Dla Sławka tym asem jest John Mayall, którego utwór „Room to Move” wywarł na nim kiedyś ogromne wrażenie i który stał się inspiracją dla utworu tytułowego tego CD. Oprócz Mayalla, słychać też echa innych fascynacji Sławka: w jego solówkach pobrzmiewają Sonny Terry, Big Walter Horton, Sonny Boy Williamson II, Charlie Musselwhite i J.J. Milteau... Stylistycznie, bazując na bluesie, CD zawiera też elementy folku, jazzu a nawet piosenki autorskiej.
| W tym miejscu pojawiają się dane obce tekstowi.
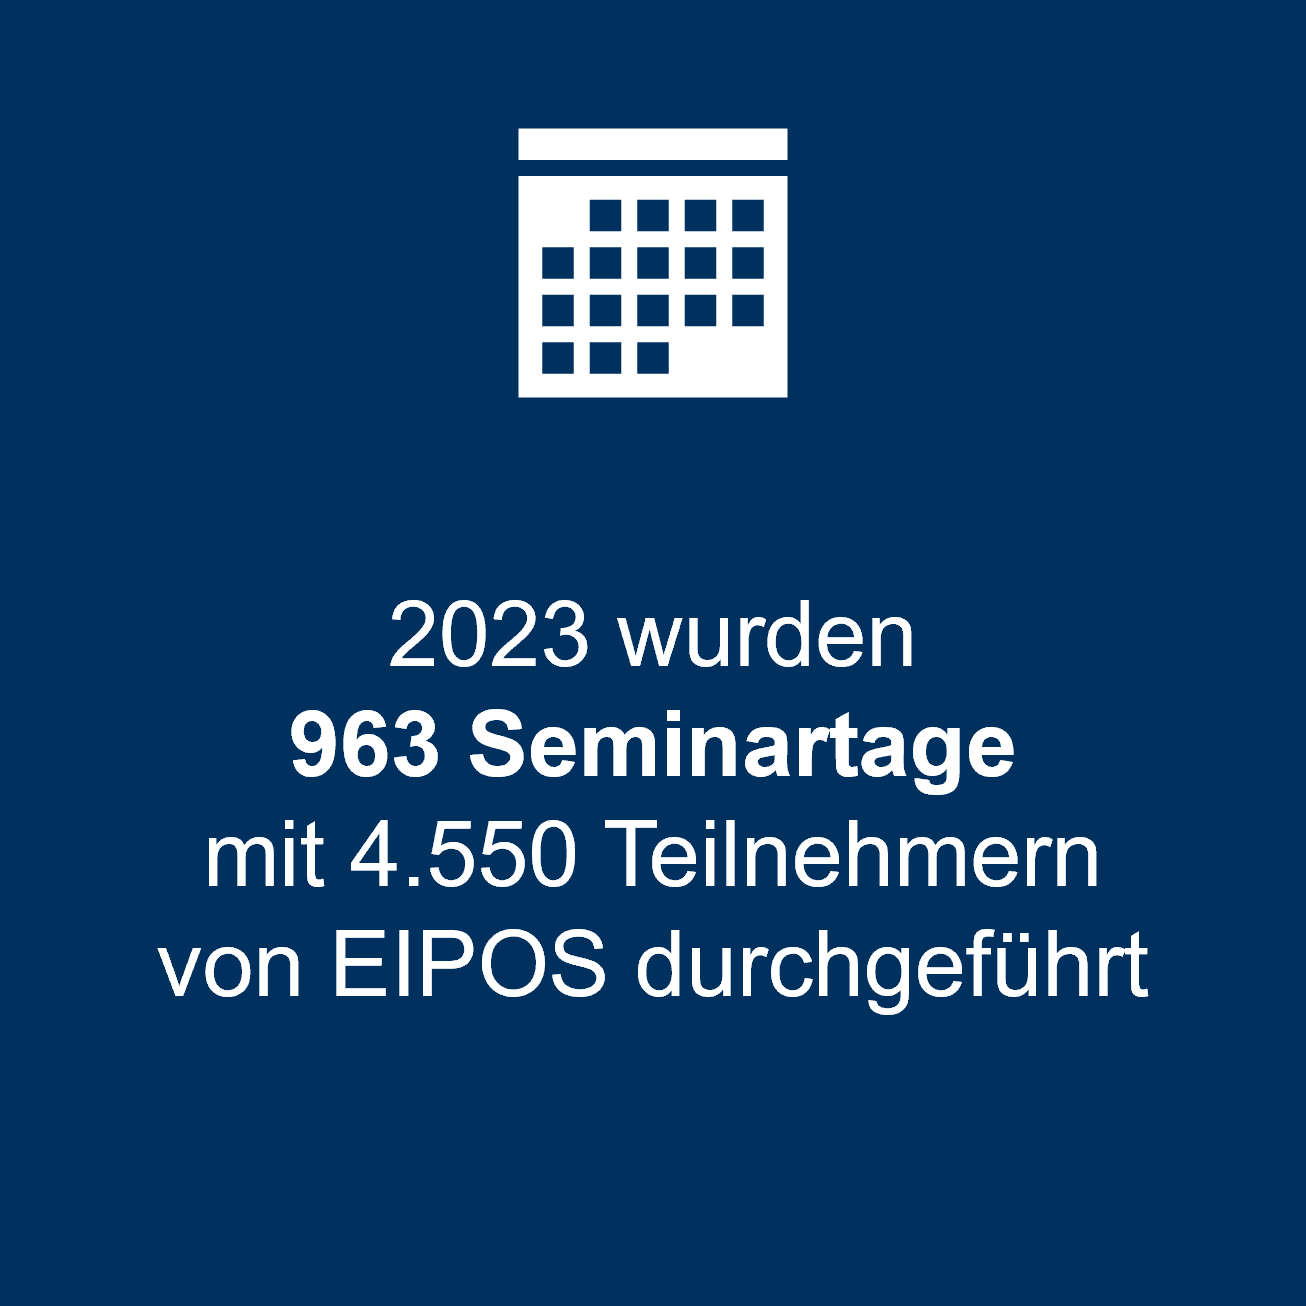 2023 wurden 963 Seminartage mit 4.550 Teilnehmern von EIPOS durchgeführt

Choć „Harmonijkowy as” prezentuje przede wszystkim Sławka jako wirtuoza harmonijki i wokalistę o stylowym, głębokim głosie, bardzo efektownie eksponuje też pozostałych muzyków Nocnej Zmiany Bluesa. Porywające solówki gra Joanna Szczepańska – jedna z niewielu kobiet grających bluesa na skrzypcach (ciekawostka: doktorantka w Katedrze Akustyki Akademii Muzycznej w Warszawie). Równie efektownie grają obydwaj gitarzyści: Marek Dąbrowski i Witold Jąkalski wsparci solidną sekcją rytmiczną: Piotr Dąbrowski / Grzegorz Milicz. Kolorytu dodają płycie gwiazdy polskiego jazzu: Krzysztof Ścierański, Wojciech „Malina” Kowalewski i Adam Wendt. Szczególnie niepowtarzalne brzmienie zapewnia płycie udział specjalizującej się w muzyce klasycznej grupy wokalnej Affabre Concinui, która brzmi tu raz jak stylowy chór gospel a czasem jak ... sekcja dęta!
„Harmonijkowy as” to płyta niezwykła: choć osadzona w tradycyjnej, bluesowej stylistyce brzmi świeżo i niepowtarzalnie. Zrealizowana w znakomitym studiu M1 Polskiego Radia brzmi nowocześnie, choć zrealizowano ja wyłącznie przy użyciu tradycyjnych, akustycznych instrumentów. Zaś poziom emocji i zaangażowania artystów jest tu nie mniejszy niż dwadzieścia lat temu na debiutanckim krążku.